++++ SOURCE DATA

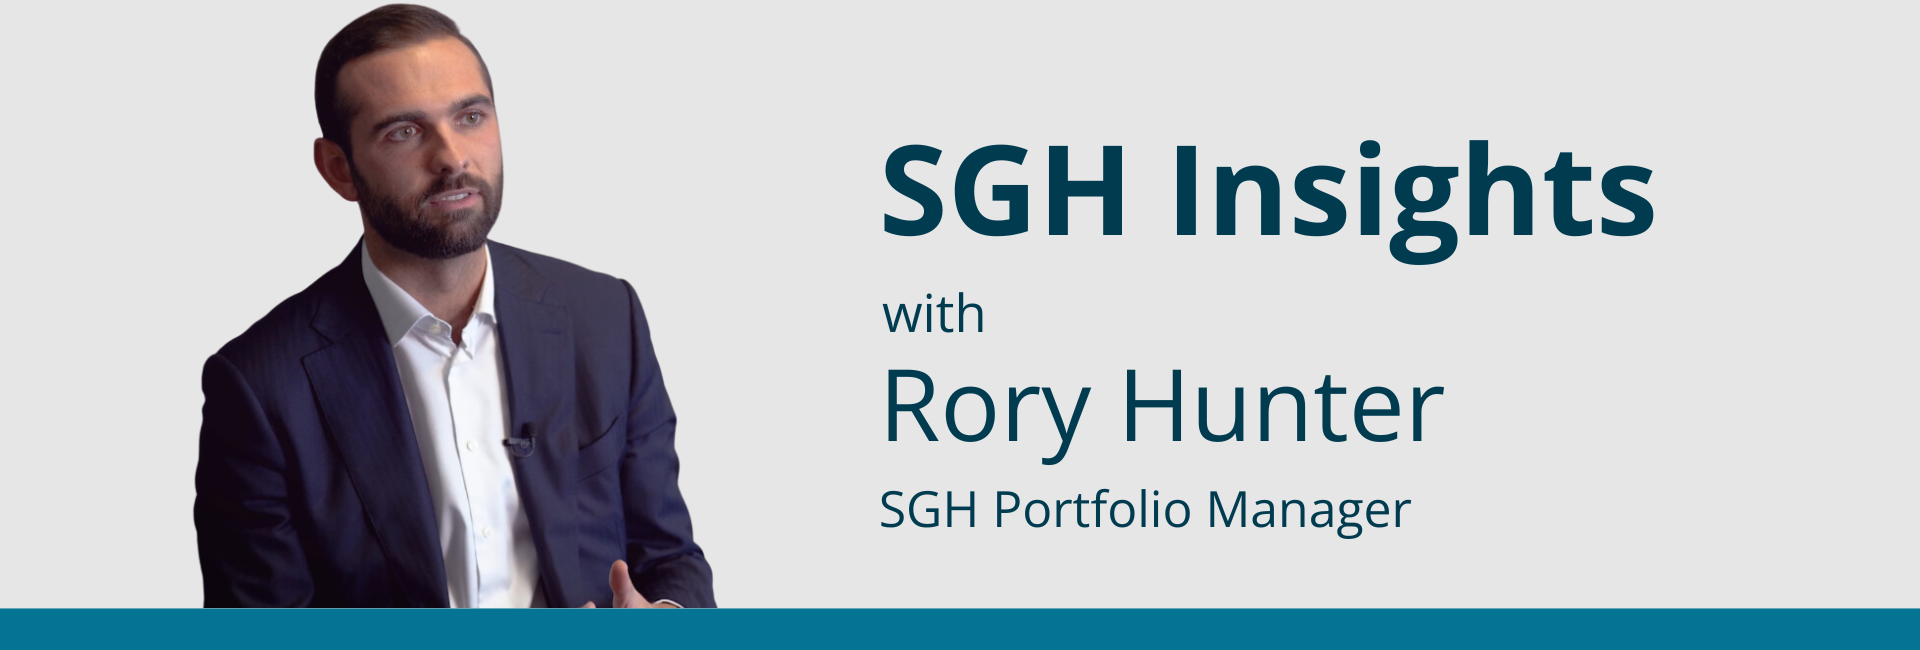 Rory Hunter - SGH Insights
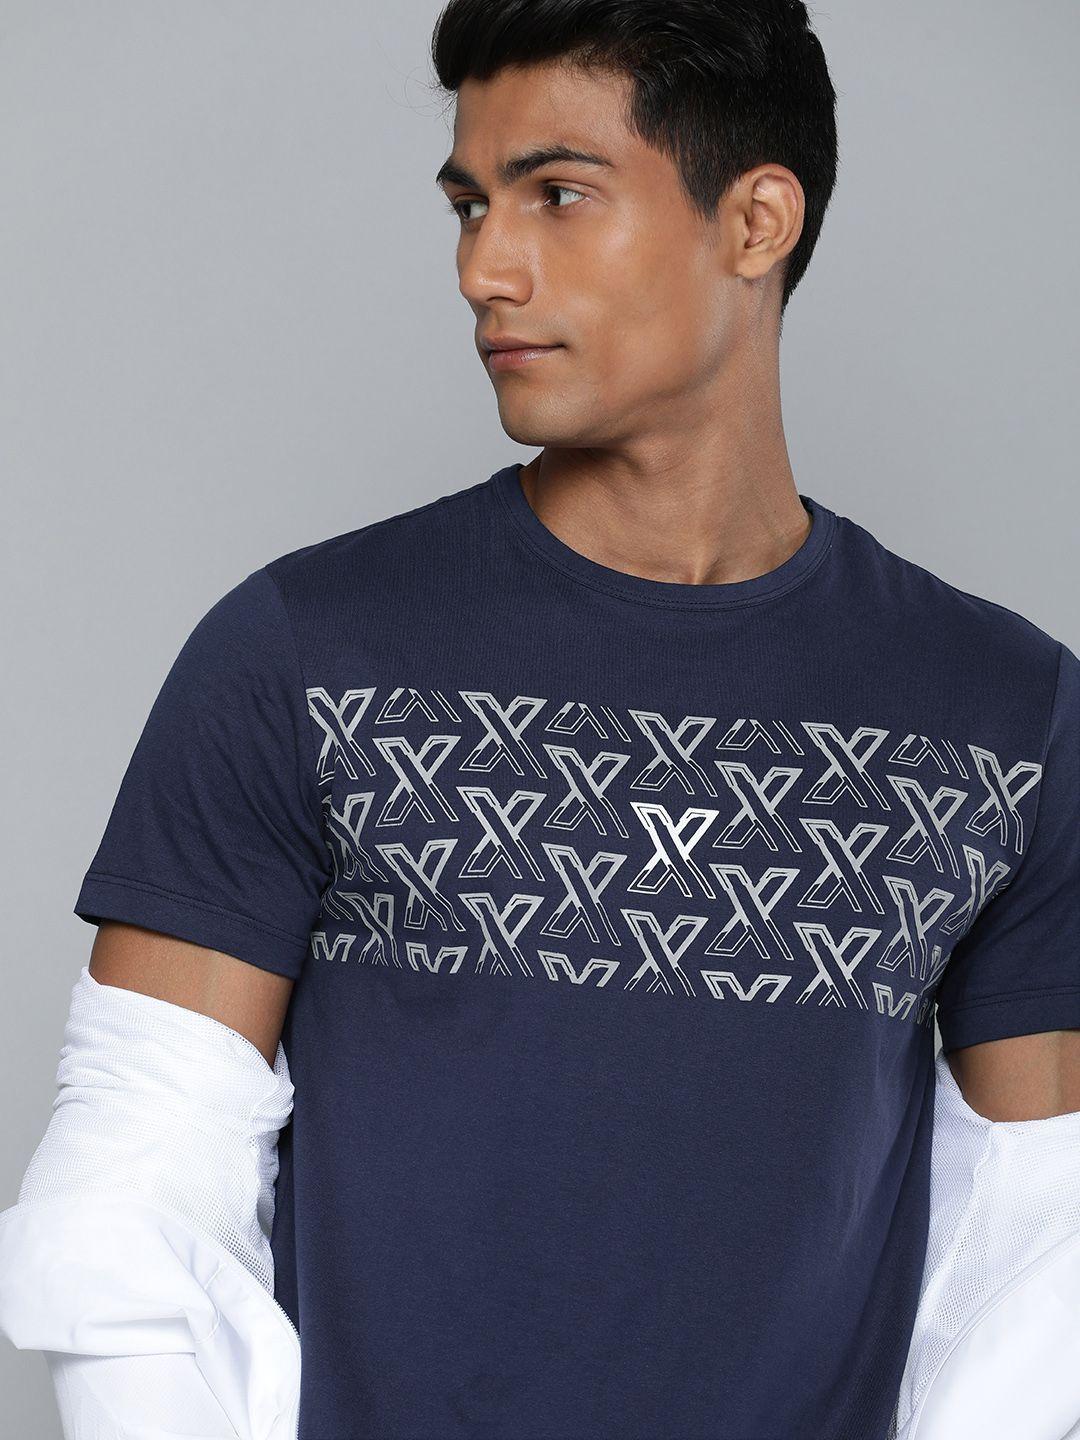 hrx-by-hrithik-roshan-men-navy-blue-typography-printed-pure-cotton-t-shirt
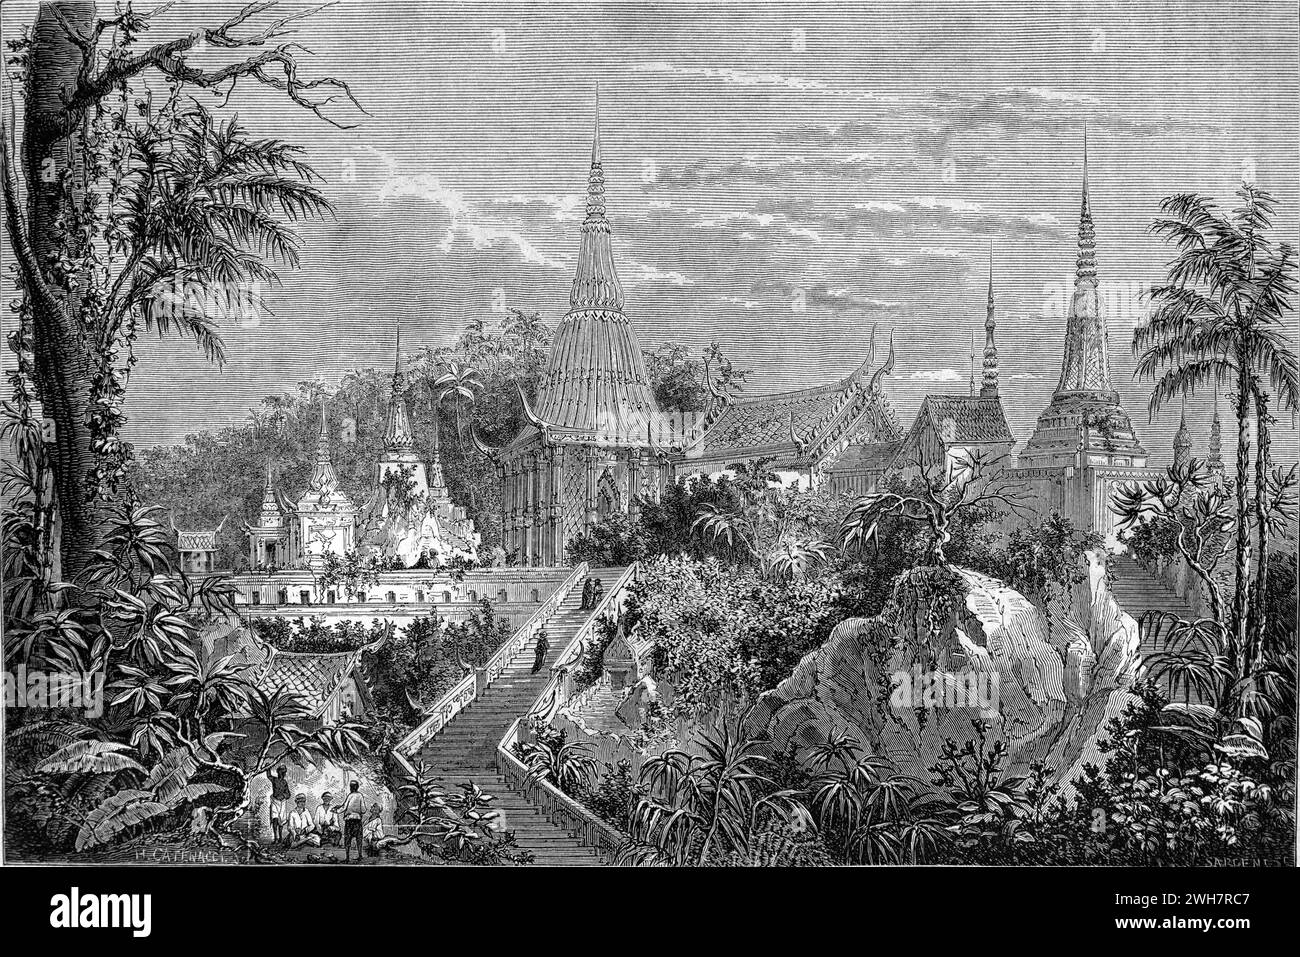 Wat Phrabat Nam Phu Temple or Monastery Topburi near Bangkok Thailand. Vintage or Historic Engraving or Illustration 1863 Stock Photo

++++++++

[TASK BRIEF] Return the material in full and unaltered, minus its pictures.

[SOLUTION TO THE EXERCISE]
 Rory Hunter - SGH Insights
 hrx-by-hrithik-roshan-men-navy-blue-typography-printed-pure-cotton-t-shirt
 Wat Phrabat Nam Phu Temple or Monastery Topburi near Bangkok Thailand. Vintage or Historic Engraving or Illustration 1863 Stock Photo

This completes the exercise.